Elizabeth grew into a woman of rare charm, and captivated the Duke of York.

The pair married in 1923, and went to live in White Lodge, Richmond Park.

For 28 years this had been the home of the Duke and Duchess of Teck. Here their daughter, Princess May (later to be Queen Mary) was born and here, in turn, Princess May gave birth to the future King Edward VIII.

The Mayor of Kingston, Councillor A J Fells, sent a congratulatory address on behalf of the Royal borough, and the Comet noted approvingly that the Duke had ordered rose petals made by shell-shocked ex-servicemen to be used at his wedding instead of confetti.

"This latest Royal example should do much to hasten the day when confetti throwing will be a thing of the past, as old-fashioned as rice throwing, both customs being of foreign origin," declared the Comet.

The couple settled at White House, and it would be pleasant to say they liked it.

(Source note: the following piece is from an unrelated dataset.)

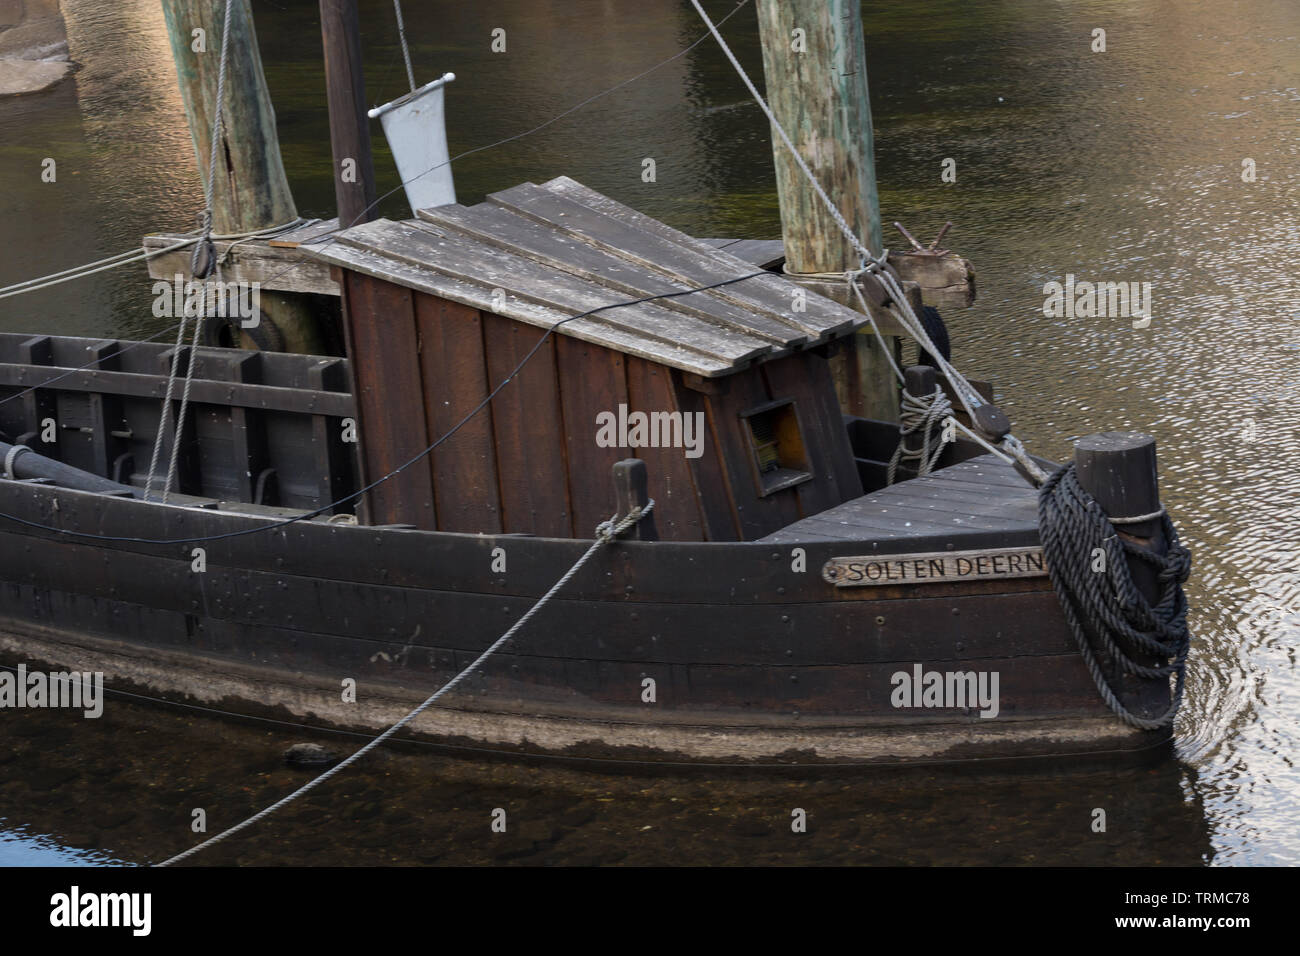 Historic harbor region Lüneburg with the ships salt Ewer and the salt Prahm, Lower Saxony Germany Stock Photo

But Elizabeth hated it.

She was particularly resentful that her mother-in-law, Queen Mary, had carried out all the decorations and furnishings to her own taste, and that the small grounds meant they were constantly pestered by sightseers.

Queen Mary wanted the Yorks' first baby to be born at White Lodge. But the Duchess would have none of it.

Her daughter Elizabeth, our present Queen, was born by Caesarian section after an agonising labour, in a house belonging to the Duchess's parents in Bruton Street, London.

The Queen Mother's first official engagement in Kingston was in 1924 when, as Duchess of York, she accompanied the Duke to Kingston Hospital to start two new electric lifts.

Four years later she carried out her second Kingston engagement when she opened the newly-built nurses' home in Wolverton Avenue, and was so impressed by the nurses she met there that, on her daughter Elizabeth's second birthday, she sent then a large piece of the birthday cake and some small mementos.

Her third official visit was for the opening of the electricity power station in 1948. Her fourth was the opening of the YMCA in Surbiton in 1982.

But she has made many informal visits, including one to Hook in 1939 when, with the King, the Prime Minister, Neville Chamberlain, and the American Ambassador, Joseph Kennedy, she went to the barrage balloon centre there.

All 1,400 personnel were on the parade, and the station was manned as it would be -- and in fact was --on mobilisation less than six months later.